* **Task to carry out**: The reply should consist solely of the lines from the one that holds "14k white gold" through the last line of the material, reproduced exactly; no pictures belong in it.
━━━ Data shown
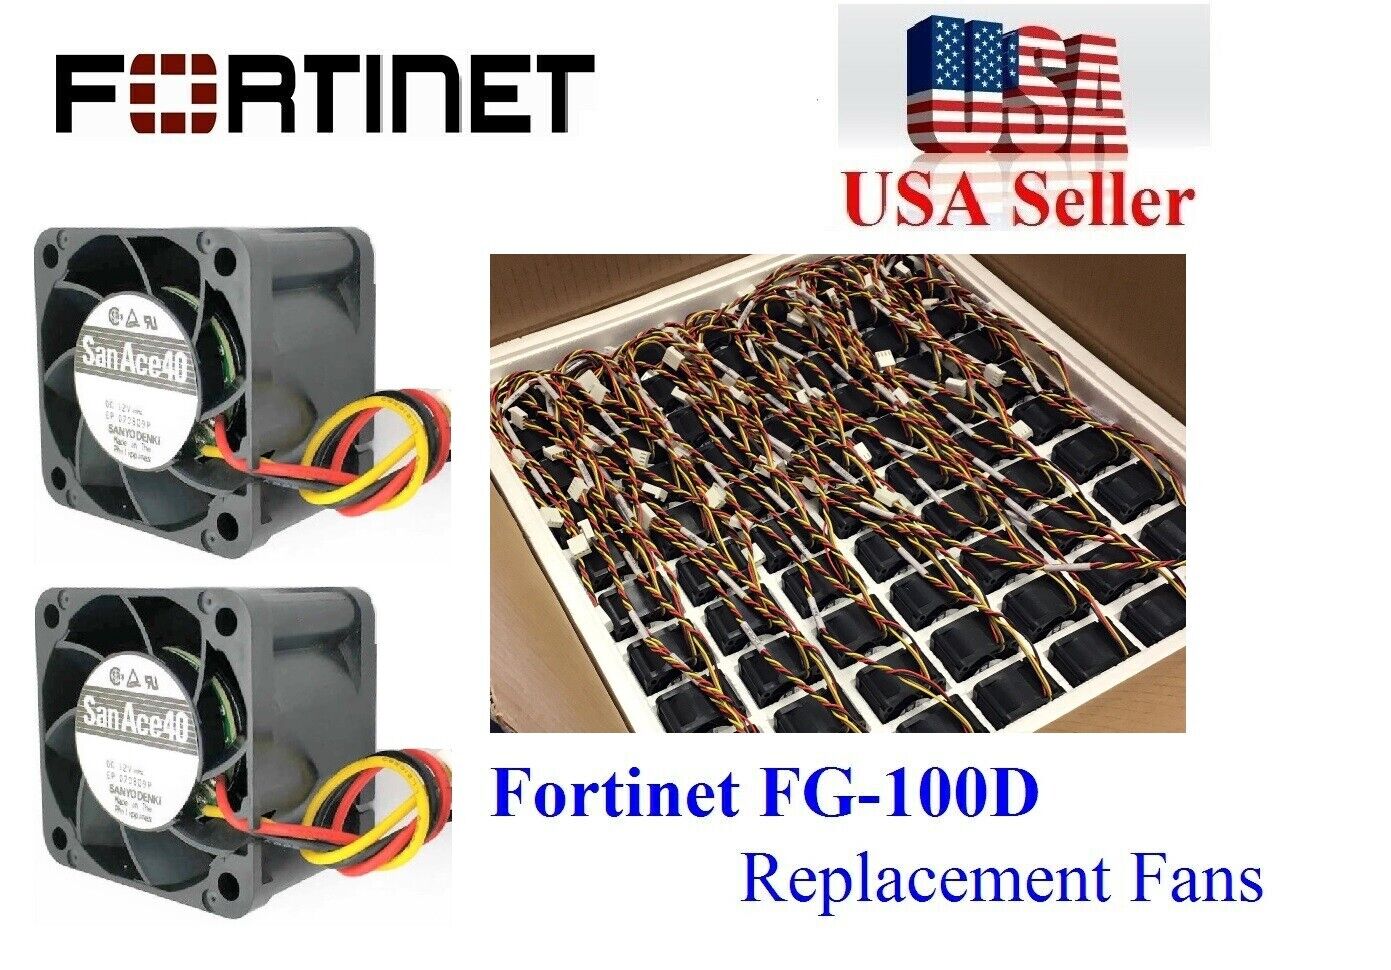 Lot 2x replacement 4 wire Fans for Fortinet FG-100D FortiGate-100D Firewall Fans
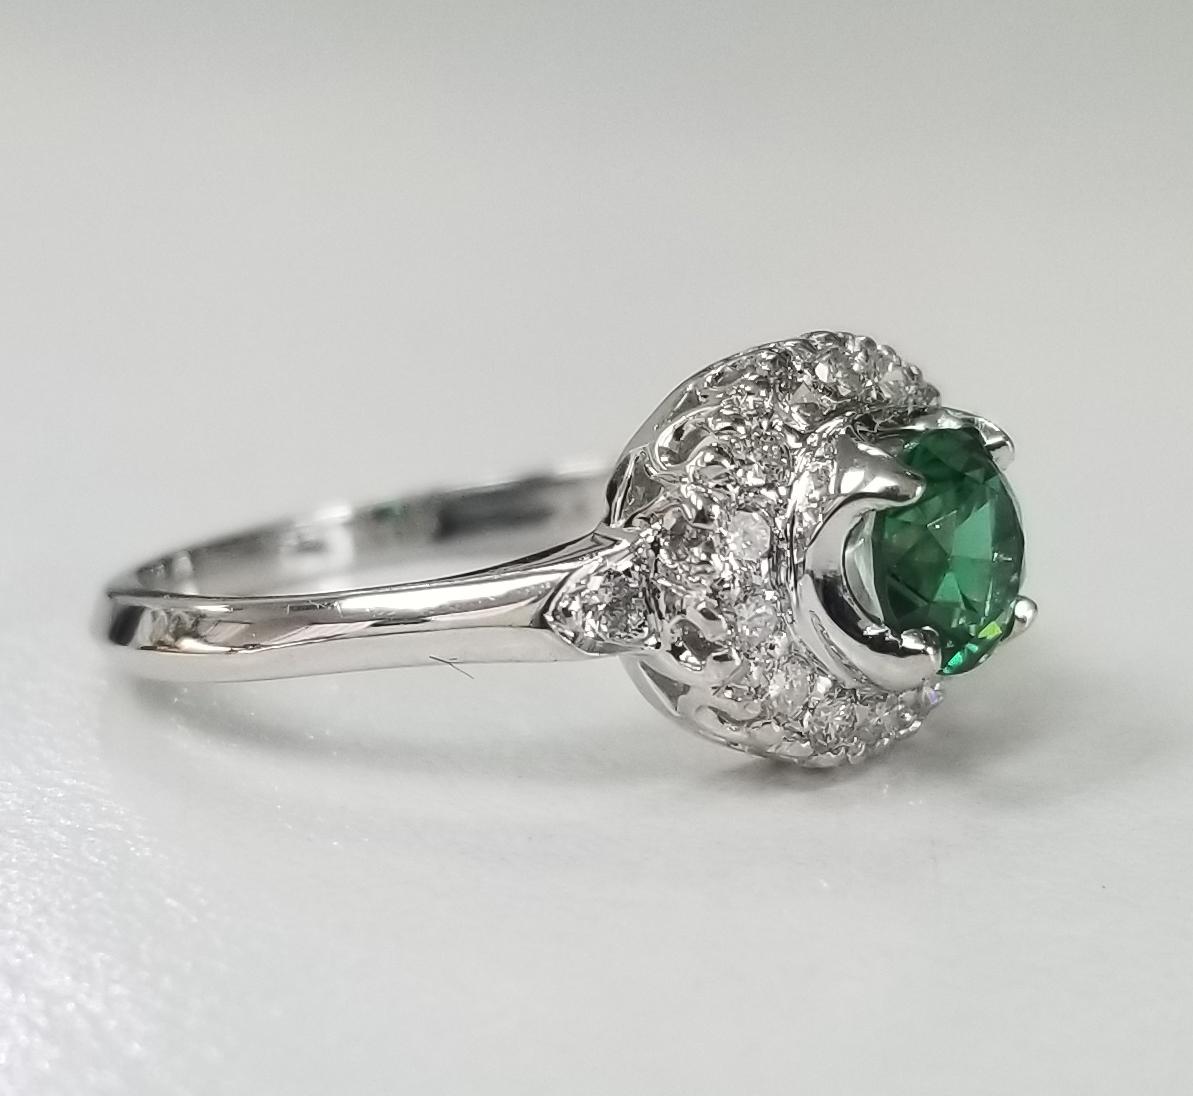 14k white gold tsavorite and diamond halo ring, containing 1 round cut  tsavorite weighing .50pts. and 16 round full cut diamonds of very fine quality weighing .25pts.  This ring is a size 5.5 but we will size to fit for free.

Tsavorite is a trade
━━━━━━
* **Solution**:
 14k white gold tsavorite and diamond halo ring, containing 1 round cut  tsavorite weighing .50pts. and 16 round full cut diamonds of very fine quality weighing .25pts.  This ring is a size 5.5 but we will size to fit for free.

Tsavorite is a trade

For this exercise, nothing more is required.